Страница 3 из 20
– Да где он, твой любимый? – почти захрипела Кура. – Где он? Покажи хоть пальцем!
– Покажу, когда встречу, – нацепила на пояс меч Лава. – И не нужно делать такие страшные глаза. Ничего не произошло. Отказала Болусу, значит, на следующий год он будет женат. Примета! Королева Армилла Пурусу Арунду отказала! Подумать только, – великий король великого царства предлагал место на своем ложе той, чьего мужа, по общему мнению, он и убил! Конечно, она отказала. И что?
– Замолчи! – взвизгнула Кура и тут же перешла если не на шепот, то на сип: – Ты забыла об осторожности! Твоя гордость граничит с глупостью!
– С глупостью? – вытаращила глаза Лава и выложила все то, что не решалась сказать матери еще с лета. А потом была лестница, которая словно сама расстелилась под ногами Лавы, испуганное лицо привратника, удар дверью, вьюга в каменном ущелье узкой Гороховой улицы и холодный ветер с колким снегом в лицо, вплоть до трактира…
– Вот, – трактирщик сам принес кубок вина, блюдо с угощением, принял с поклоном монету.
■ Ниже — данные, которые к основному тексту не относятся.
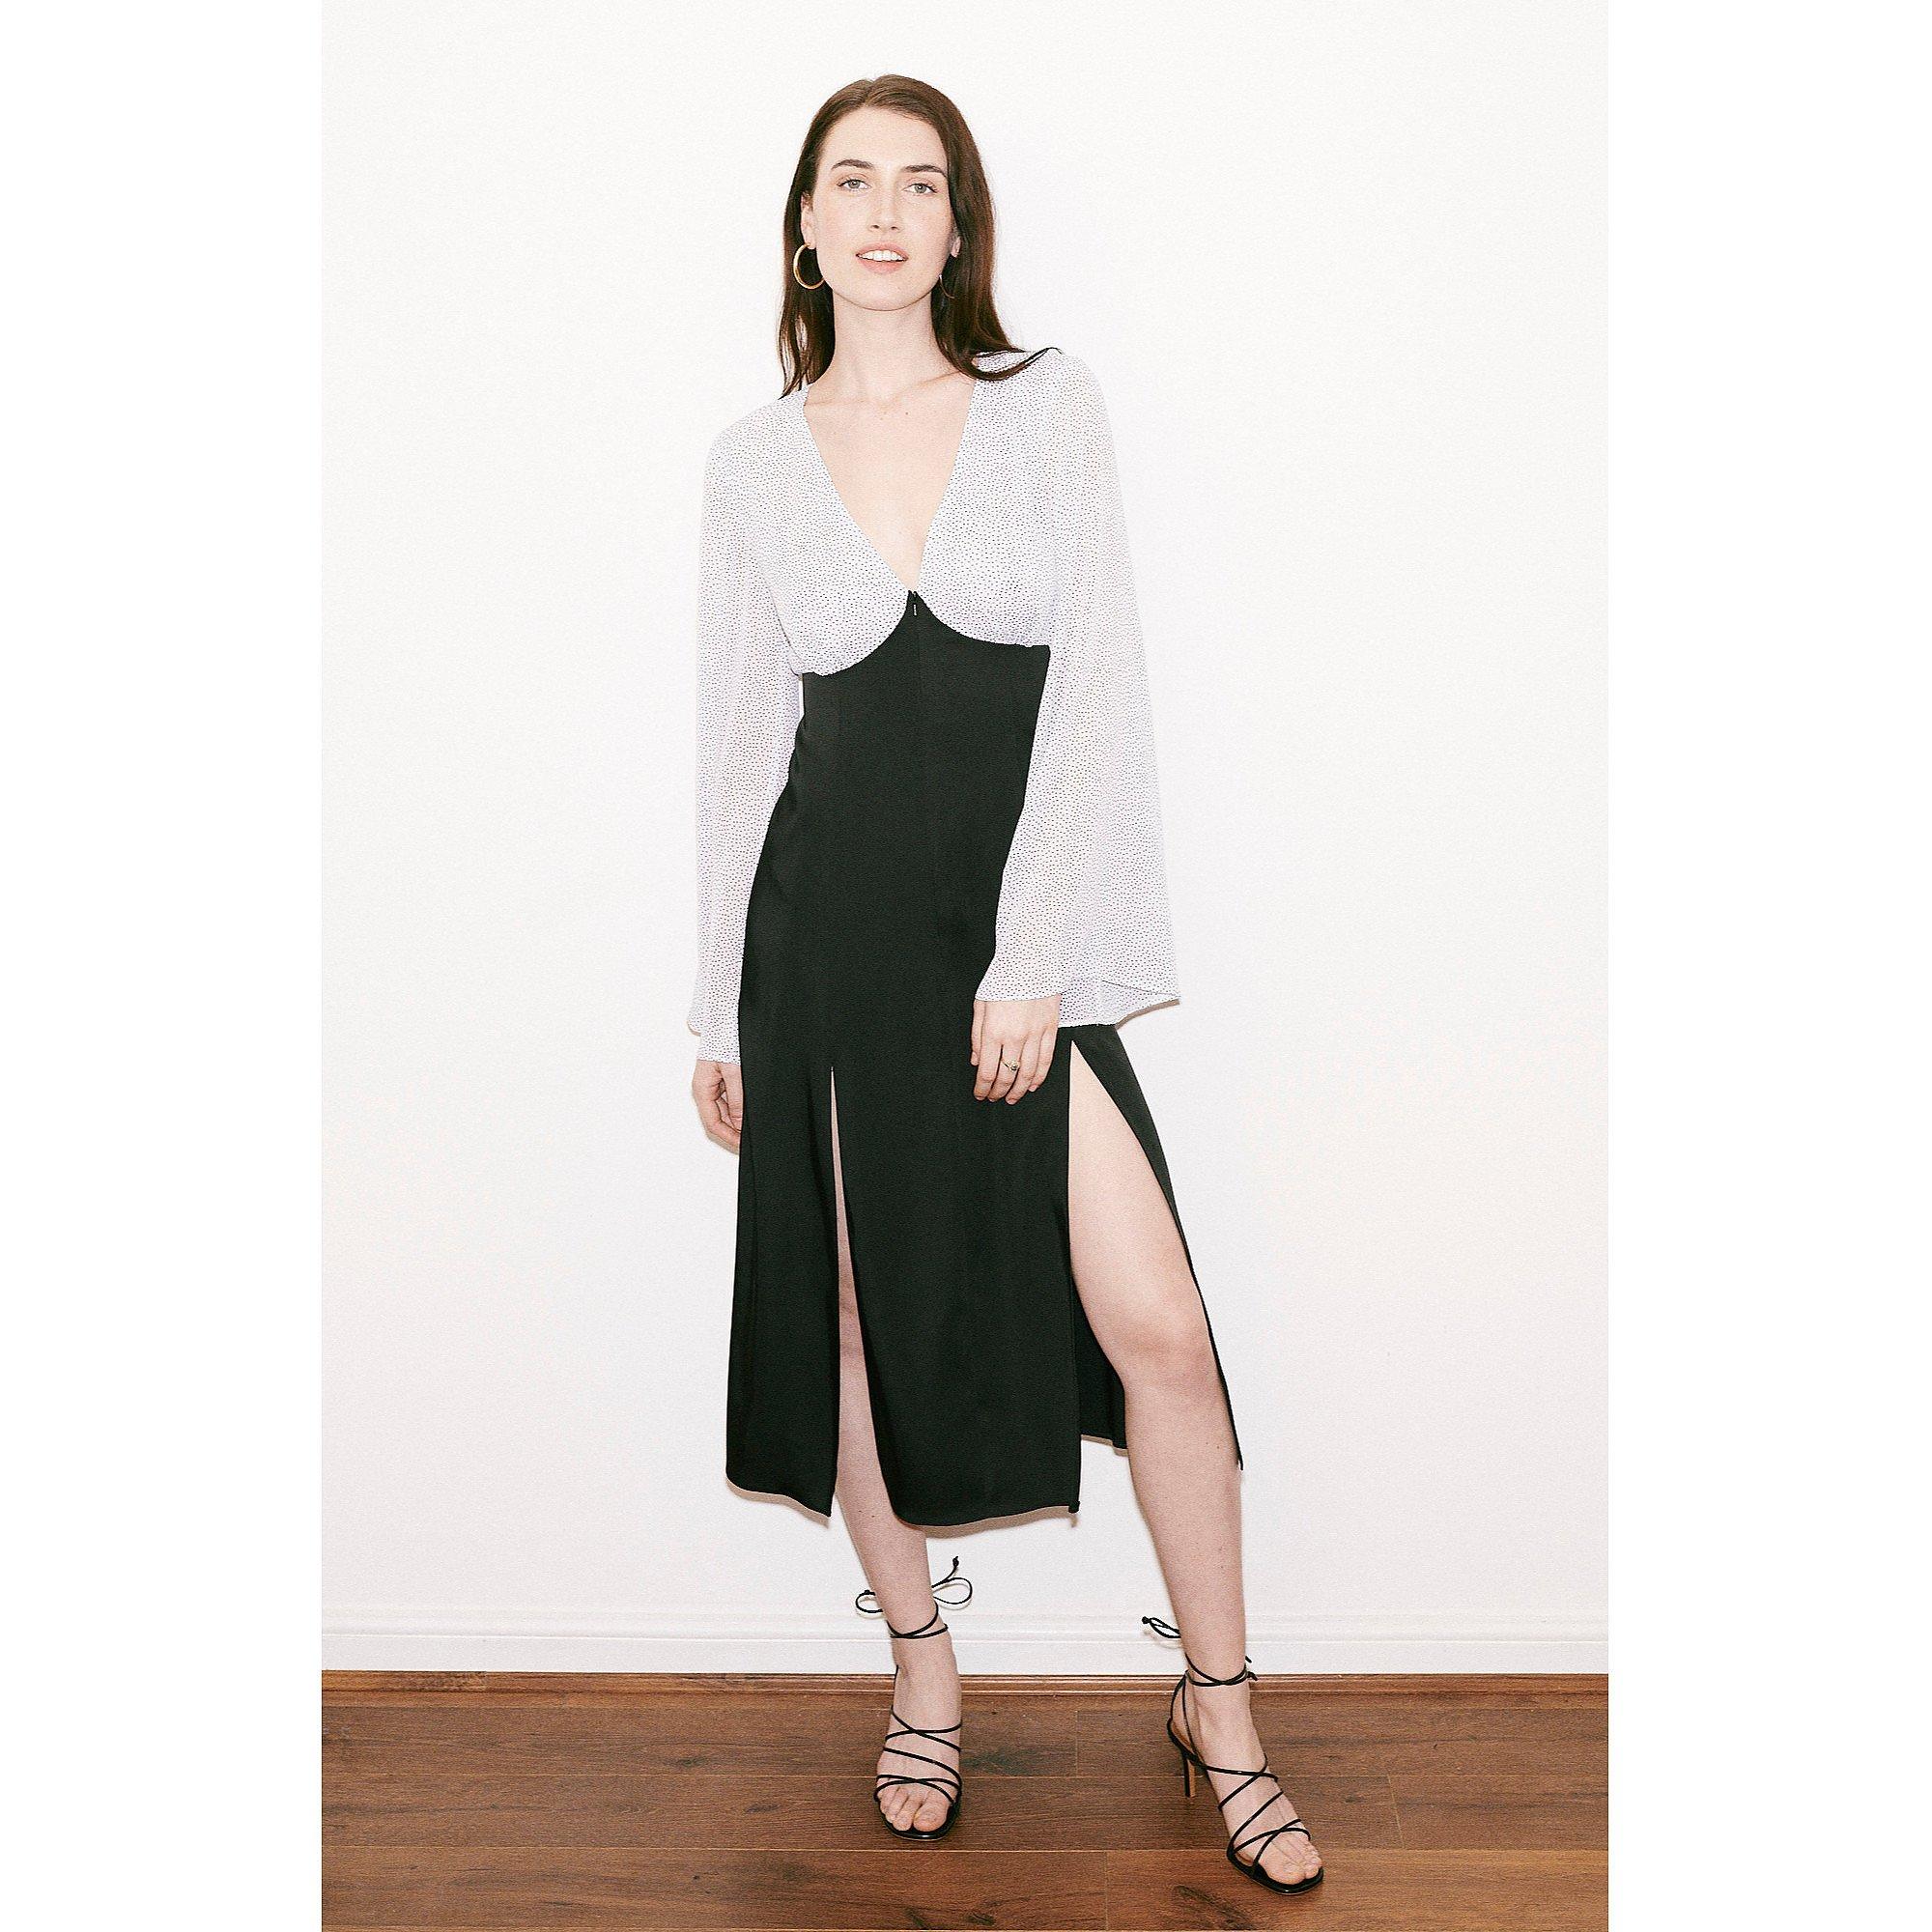 Franks London Rosemary Split Front Midi Dress

Лава взялась замерзшими пальцами за глиняные стенки, закрыла глаза, сделала глоток. Надо было надеть что-то теплое, служанка выложила ведь на ложе и легкий пелиссон или плащ, не разглядела, и перчатки, и сапоги на меху. С другой стороны, что, как не мороз, остужает голову? Сейчас, именно сейчас, Лаве больше всего хотелось вернуться домой и обнять мать. Да, с нею невозможно говорить так, как с отцом. Но зато с отцом нельзя обняться и просто молчать. Как же не хватает ей Фламмы! Шесть лет уже прошло, как подруга бежала из Ардууса. Бежала вместе с Камаеной Тотум, но та вроде бы еще жива, и хоть не поймана лазутчиками Русатоса, но точно жива. Ходили слухи, что она вернула с нарочным герцогу Адамасу подаренный ей серебряный рог. Точно такой же, какой вернула Вервексу сама Лава. Но к рогу Камаены Тотум прилагалась записка с пожеланиями надежности и неприступности крепости Тимора, а сам рог был полон бесценных смарагдусов, рубинов и алмазов. А вот от Фламмы никаких вестей, никаких. Может быть, и нет уже ее в живых? Уж во всяком случае ее никто не разыскивает. Видно, даже в Обстинаре и Тиморе не чают увидеть свою дальнюю родственницу. А что если король Ардууса – Пурус Арундо – настиг свою бывшую дочь так же, как, по слухам, настиг ее настоящего отца – Вигила Валора? Да, вдова Вигила Валора, прекрасная королева Армилла, урожденная Кертус, младшая сестра матери Фламмы, посмела ответить Пурусу Арундо так, как считала нужным. А сама Лава могла ответить так, как она это сделала? Могла хлопнуть дверью так, что уж точно переломила нос, пусть и не самому Болусу, а его стражнику, а потом взять принца за горло и прошипеть ему в лицо, чтобы он бежал из дома своего дяди бегом, иначе – взмах ножа, и никакая женитьба ему уже не понадобится! Да, и ее нож был уже там, где и должен был находиться. И что же сделал принц? Обмочился. Сменил ненависть в глазах, которая пылала в нем с самого начала недолгой беседы, на испуг, а потом сразу вернулся к ненависти, когда Лава с брезгливостью оттолкнула от себя выросшее в доме короля Ардууса чудовище. Ударился спиной о дверь, распахнул ее, еще раз присадив дверным полотном по лицу нерасторопного стражника, бросил быстрый взгляд на оставленную после себя лужу и прошипел совсем уж по-змеиному:
– Так даже лучше! Быстрее сдохнешь! А могла бы помучиться!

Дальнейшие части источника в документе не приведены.